A man’s legitimacy in the eyes of others determines what he can and cannot do. And as legitimacy falls, it influences how that man reacts.
A few weeks ago, I posted about the concept of increasing complexity in the mating market. In it I talked about some ideas inspired by Joseph Tainter's Collapse.
Today I want to talk about one more idea the book inspired. That's legitimacy.
Contents
In Collapse, Tainter discusses a society's need to maintain its legitimacy. That the more a society struggles to prove its legitimacy to the people who live within that society, the more it has to direct resources into displays to uphold its legitimacy (like monumental architecture, or war with neighbors to inspire patriotism) or into efforts to coerce its population to go along with things and to stifle dissent.
In fact, not long before a society enters a collapse, its construction of monumental architecture often reaches its peak.

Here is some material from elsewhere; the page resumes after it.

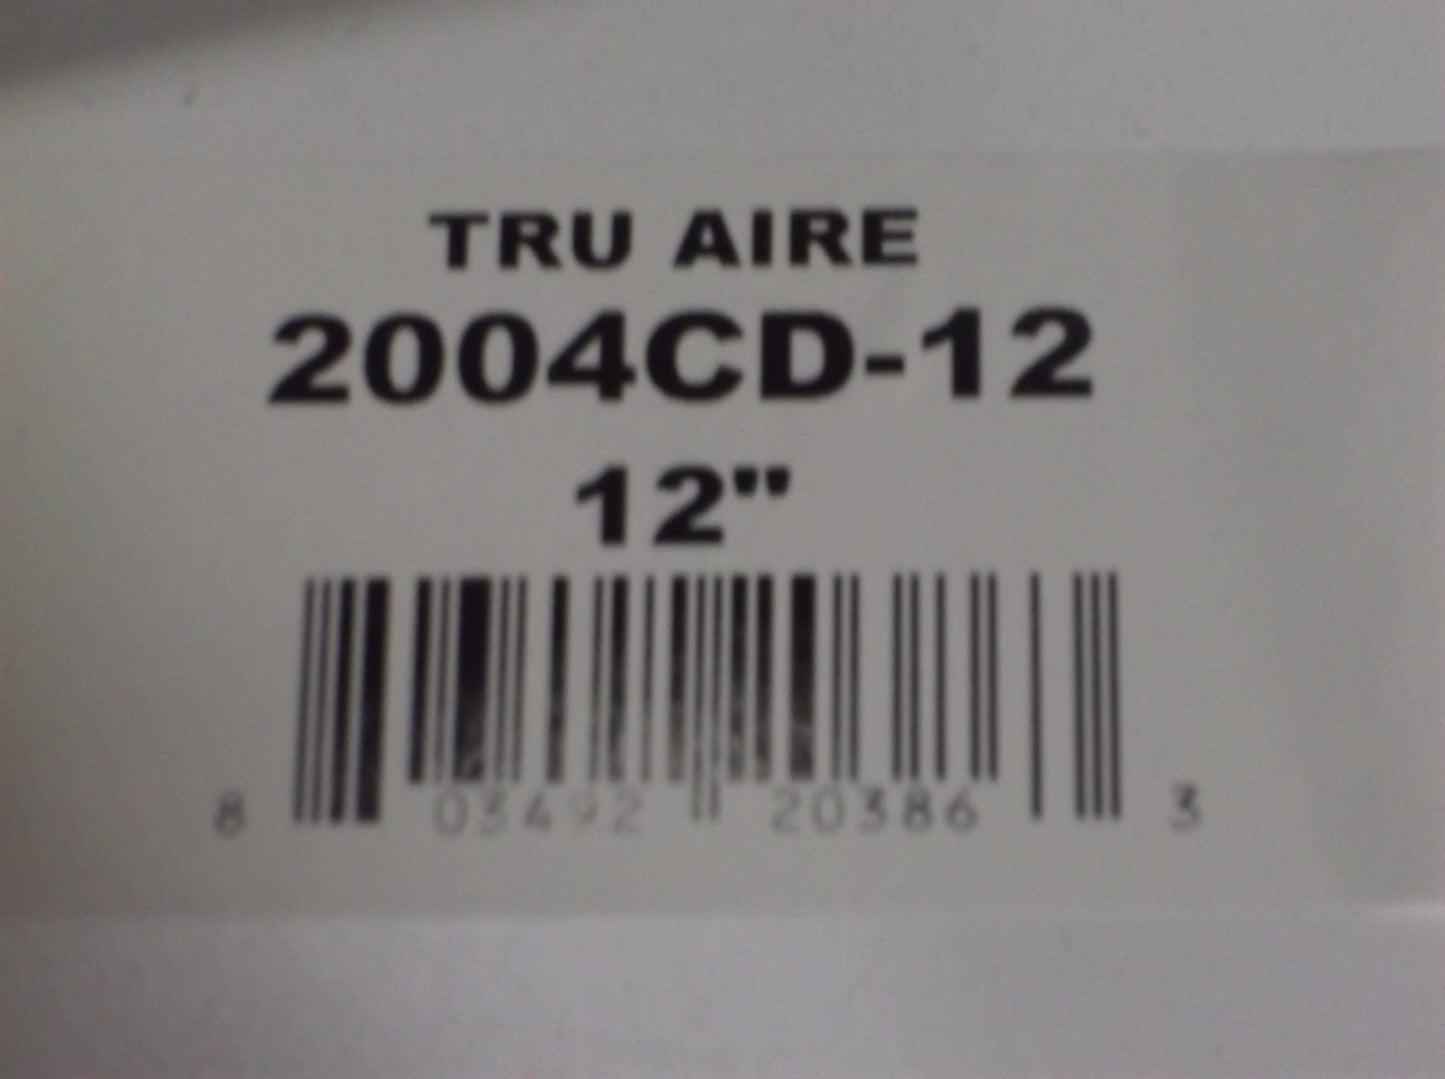 T-BAR 3 CONE 12"  ROUND 24" X 24" HIGH VELOCITY SUPPLY DIFFUSER, WHITE

Despite the fact that there are fewer and fewer resources available as societies slump toward collapse, the society throws more and more of its shrinking resources into larger and larger buildings and monuments. Likewise, as societies proceed toward collapse, coercion increases, social trust erodes, and everyone ends up looking over his shoulder for those who might imply he's guilty of doing/thinking the forbidden.
All this is fascinating when you apply it to civilizations.
But as I read Tainter, it occurred to me his work applies to men as well.
Because just like a civilization, a man must also labor to establish legitimacy.
And just like a civilization, as a man's legitimacy crumbles, he struggles, often futilely, to uphold it with increasingly grand, or increasingly draconian, ways.